Helmut Dotzlaw dotzlaw at ccu.umanitoba.ca
Mon Aug 2 12:49:12 EST 1993


In article <1993Jul22.185527.1260 at nphi.fi>, tronni at nphi.fi wrote:

> Hello all bio-netters!
> 

> 
> I'm considering the "RNAse protection assay", where you
> hybridize 32P-labeled antisense-RNA probes with target
> mRNAs in solution. I've read from many sources that 
> it should be more sensitive than Northern.
>

RPA is indeed much more sensitive than Northern, at least ten-fold in my
experience.
 
> Recently I saw in Biotechniques an advertisement by Ambion about their
> kit, which allows the reaction to take place in a single
> tube and you can even use multiple probes to detect many mRNAs
> simultaneously from total RNA.
> 
> I would be grateful for any hints and opinions about
> this. Should I get a kit or build my own?
> Is this assay really as good as advertised? Do the signals
> get too hot to be comfortable to work with?
> 
I am in no way affiliated with Ambion, but after years (thousands) of RPA's
using my own reagents, with inconsistent results and the like, I would
strongly recommend that you try the Ambion RPA II kit.  The one big
advantage over the conventional protocol is that there is no phenol
extraction involved to remove the Proteinase K (messy and lossy).  I have
had consistent and reproduceable results using this kit, as measured by
standard curves of in-vitro synthesized RNA. 
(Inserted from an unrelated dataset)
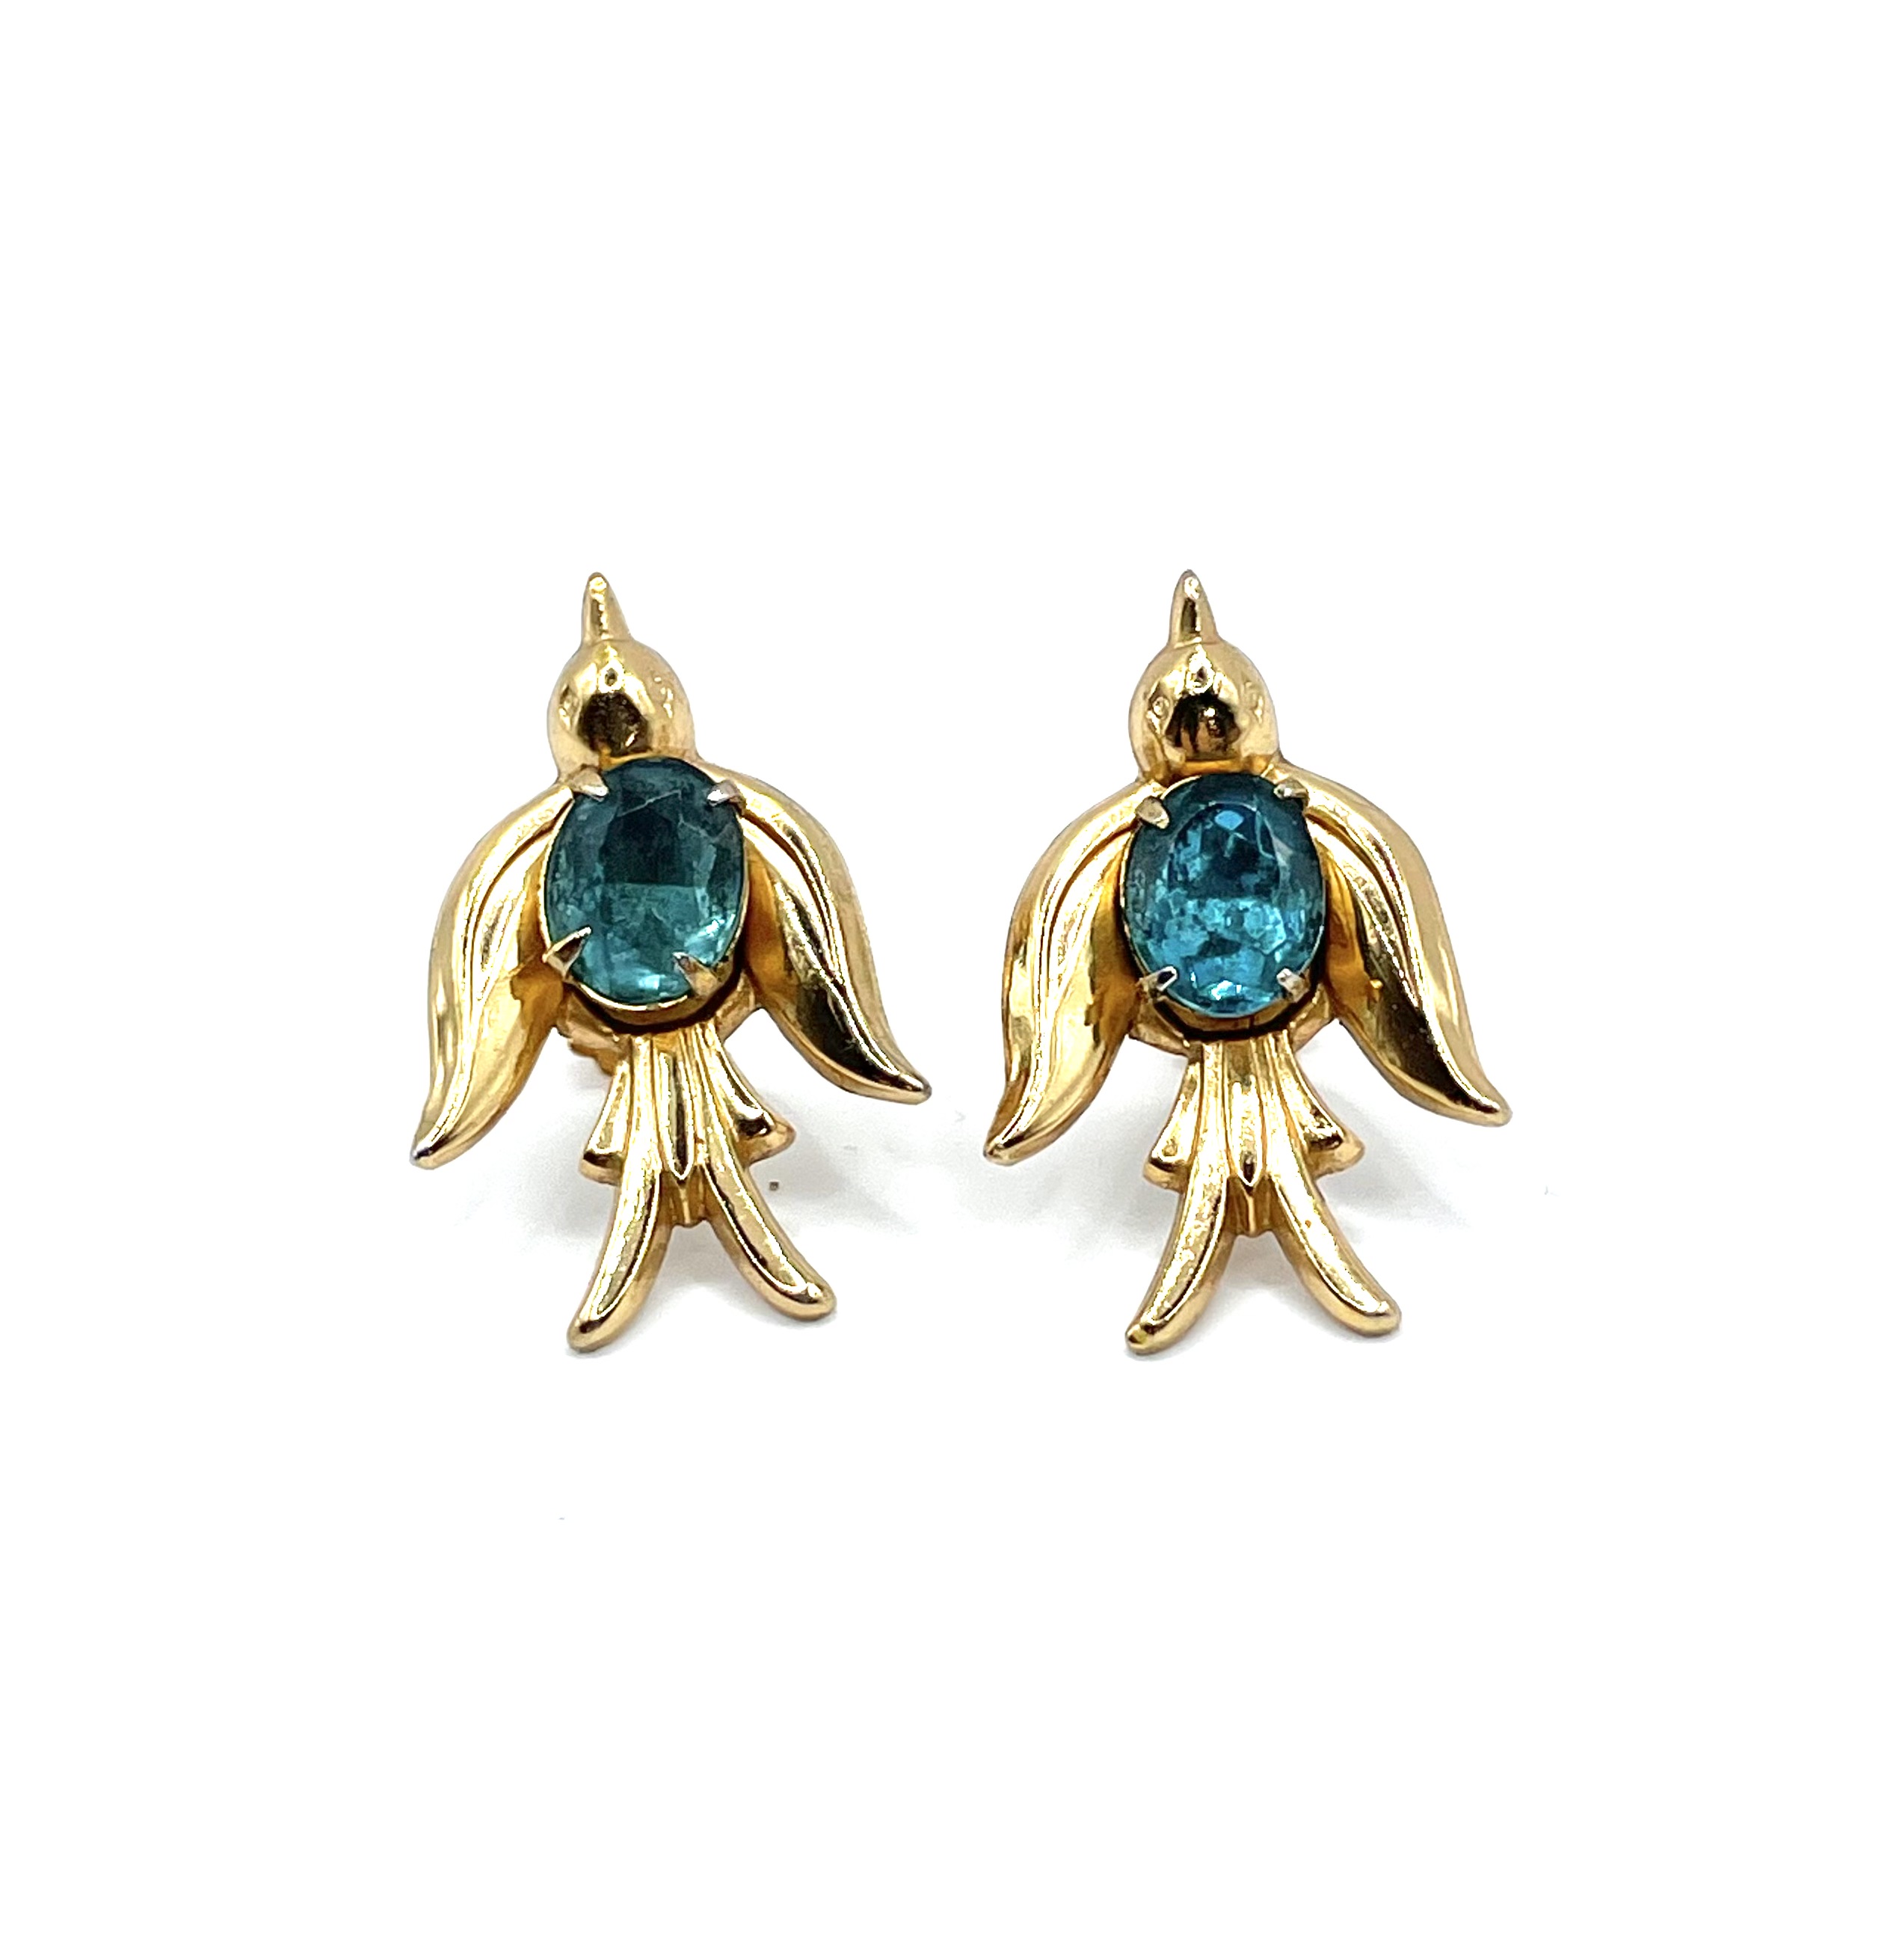 Coro swift bird earrings

You will of course need a probe in a transcription vector, the probe should
be between 150 and 300 bp in length (hybridization efficiency decreases
dramatically with increasing probe length).  I would suggest that you
linearize the construct using an enzyme leaving a 5'-overhang, I have had
bad luck with 3'- and blunt ends, undigested probe in the sample lanes.  I
prefer to use T7 RNA Pol, just a personal preference, I have used SP6 and
T3 as well, it just seems that T7 is more consistent.  I have also found
that the supplier of labelled nucleotide (I use CTP mostly) plays a role -
I have had bad experiences with a particular supplier, the transcription
would work once, but once the label was thawed, that was it - no more on
the second try. Label from a different supplier works consistently through
freeze/thaw cycles. I won't post names, if interested, e-mail me. 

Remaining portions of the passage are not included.